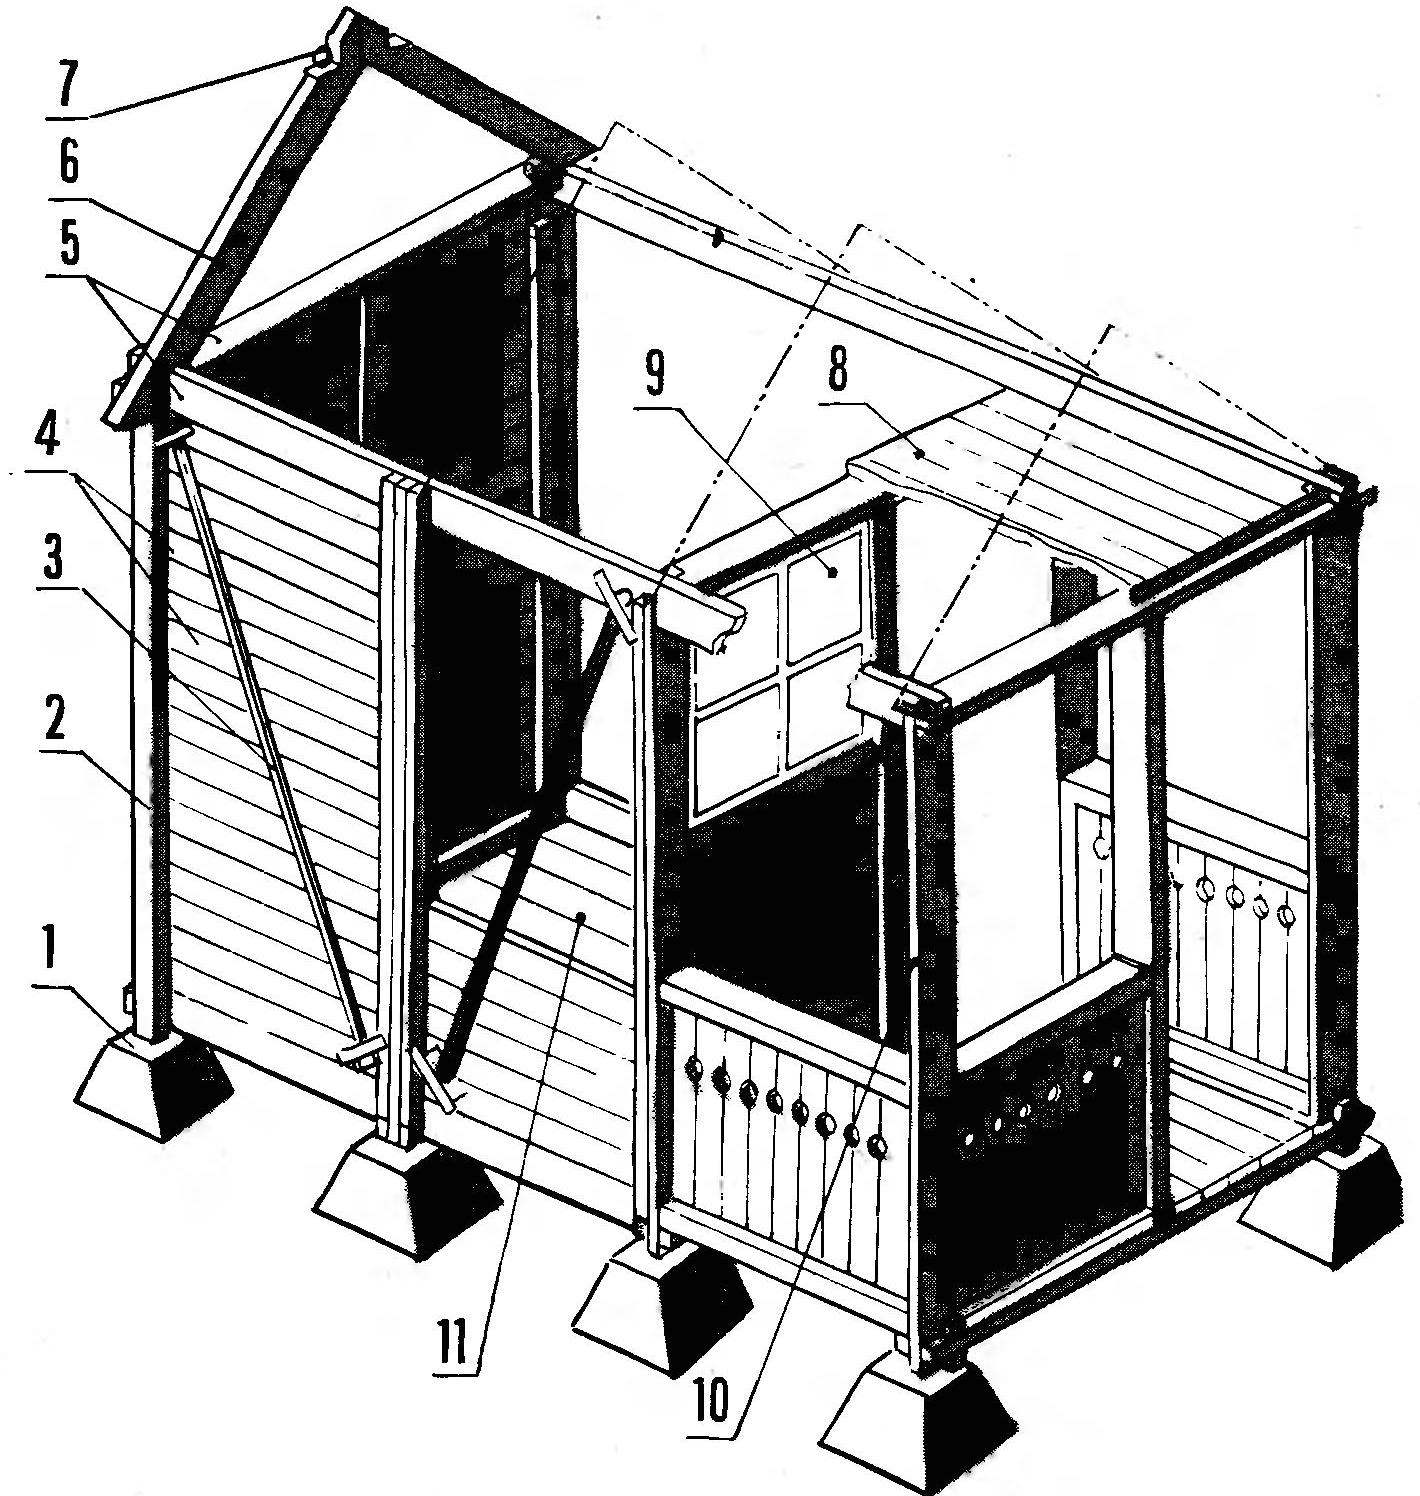 Fig. 1. Prefabricated amenities building
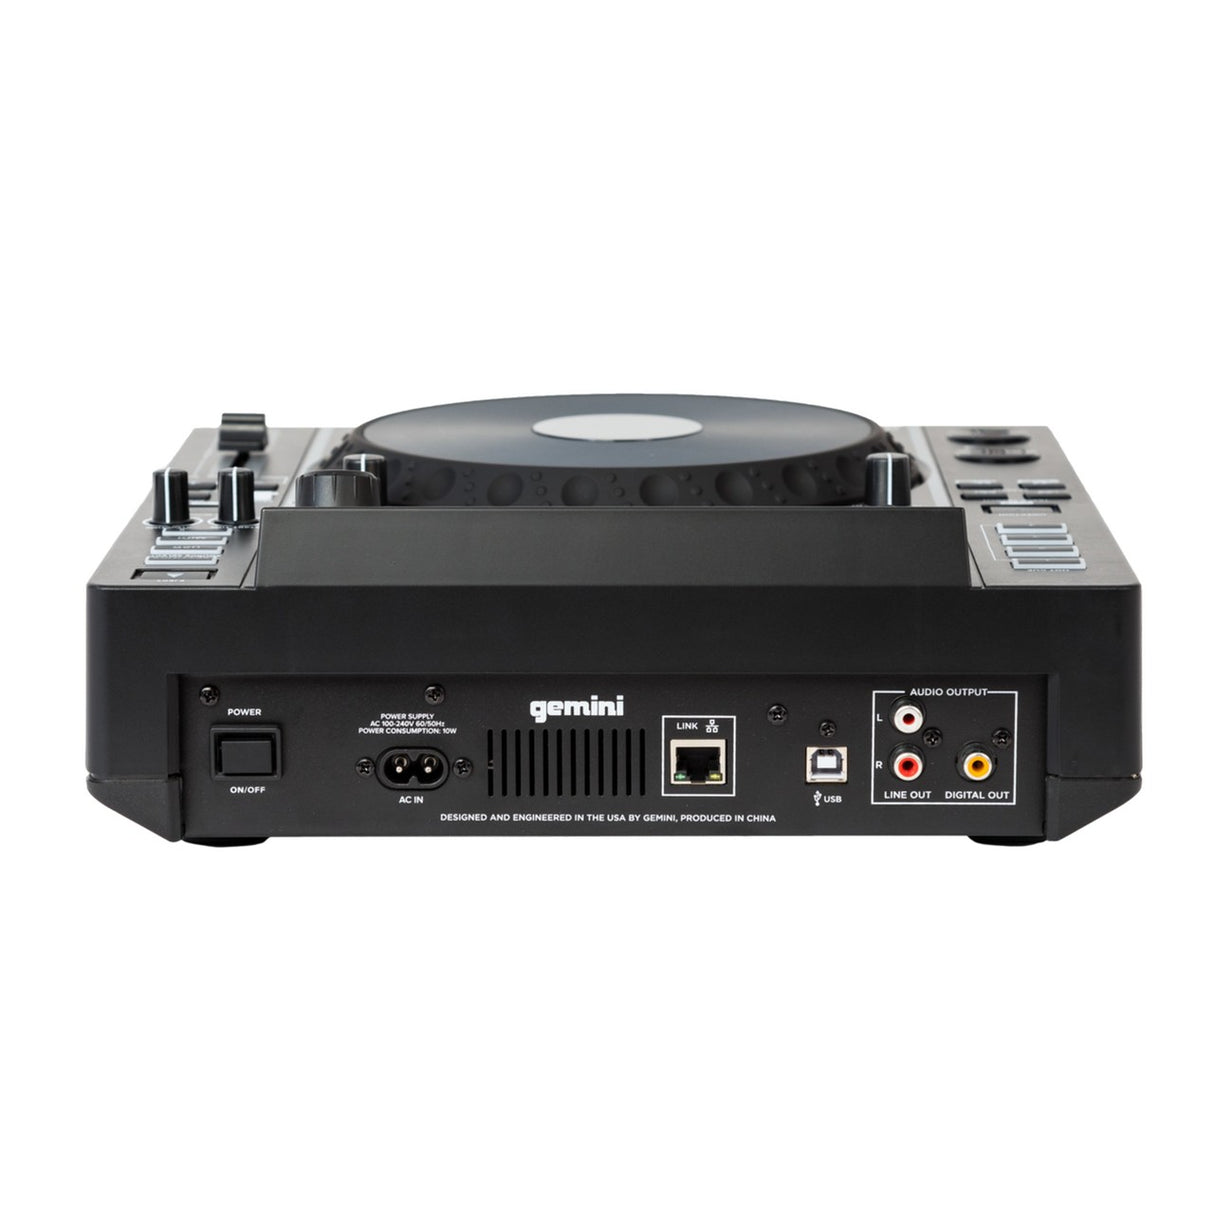 Gemini MDJ-900 CD/USB Media Player and MIDI Controller
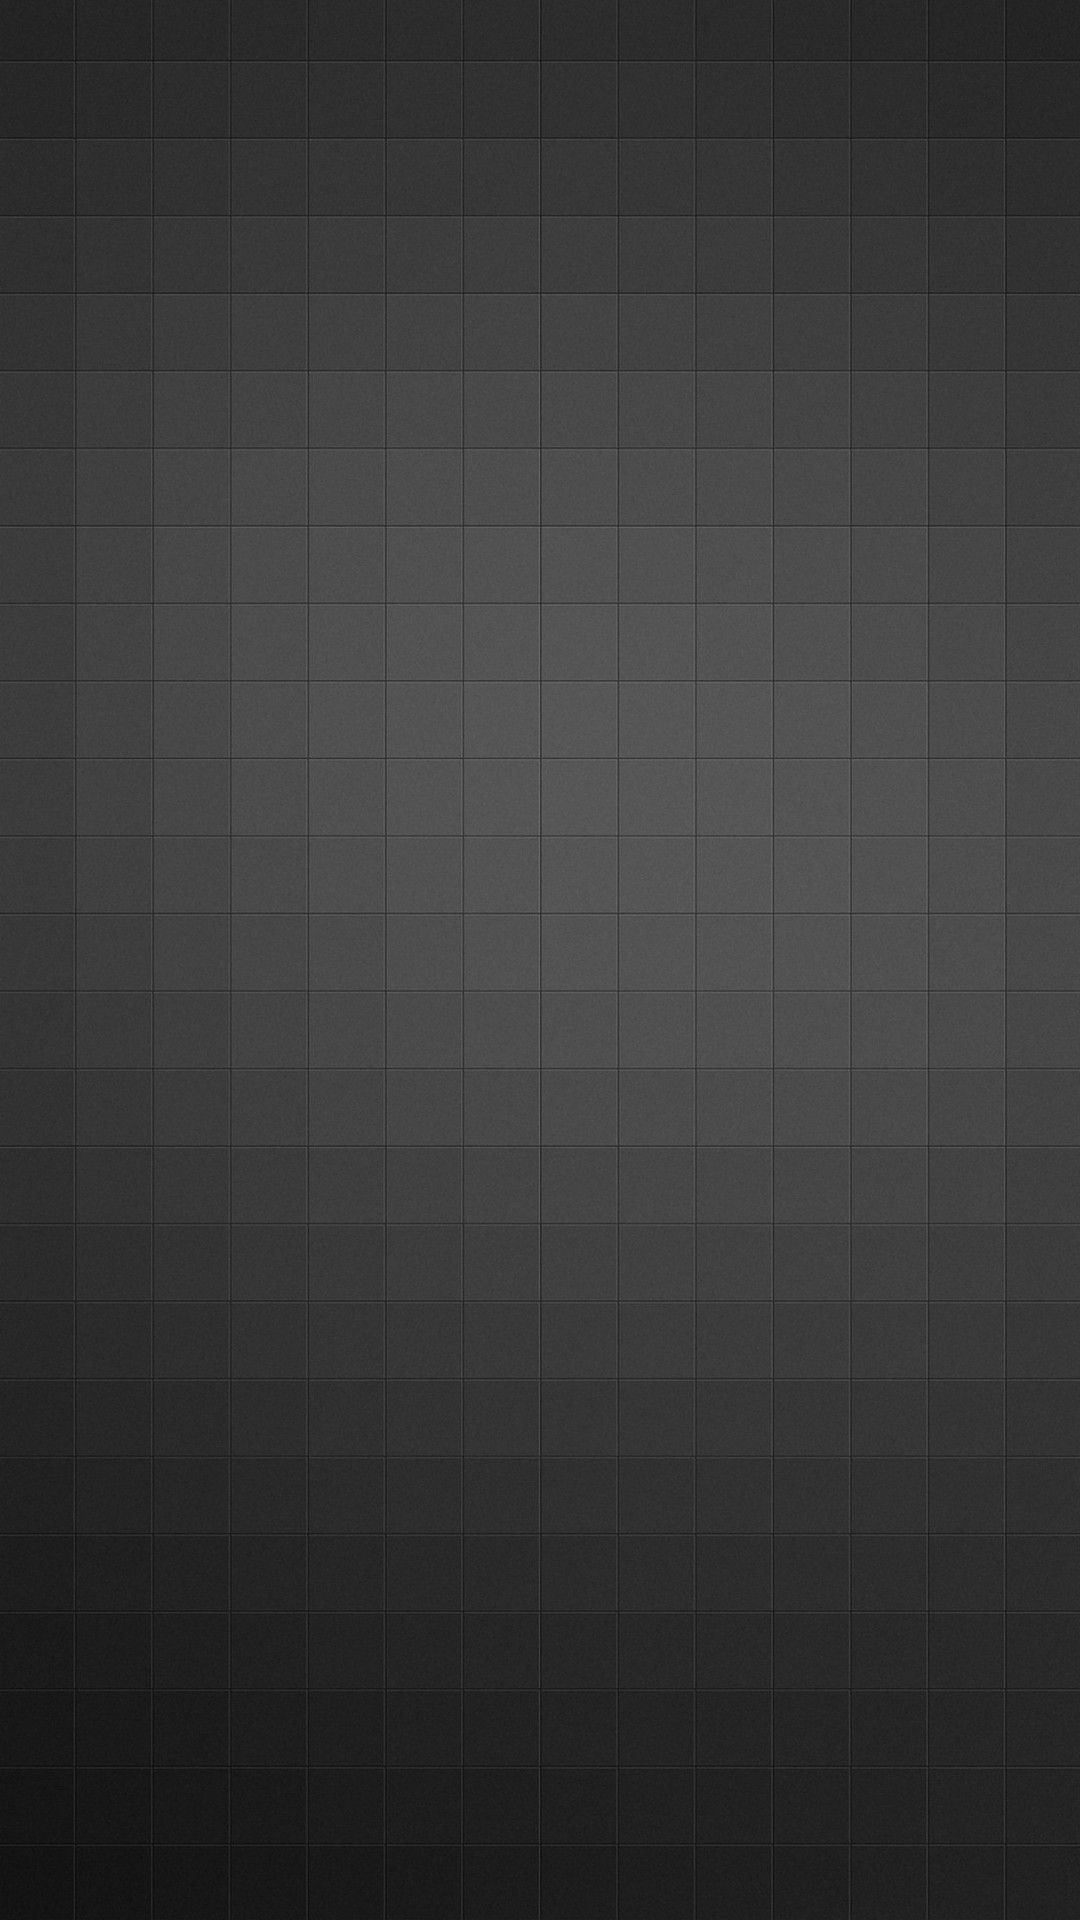 Iphone Grey Wallpapers

###

→ BRIEF
Could you reproduce the data above exactly, without its pictures?

→ RESULT BELOW
 Fig. 1. Prefabricated amenities building
 Gemini MDJ-900 CD/USB Media Player and MIDI Controller
 Iphone Grey Wallpapers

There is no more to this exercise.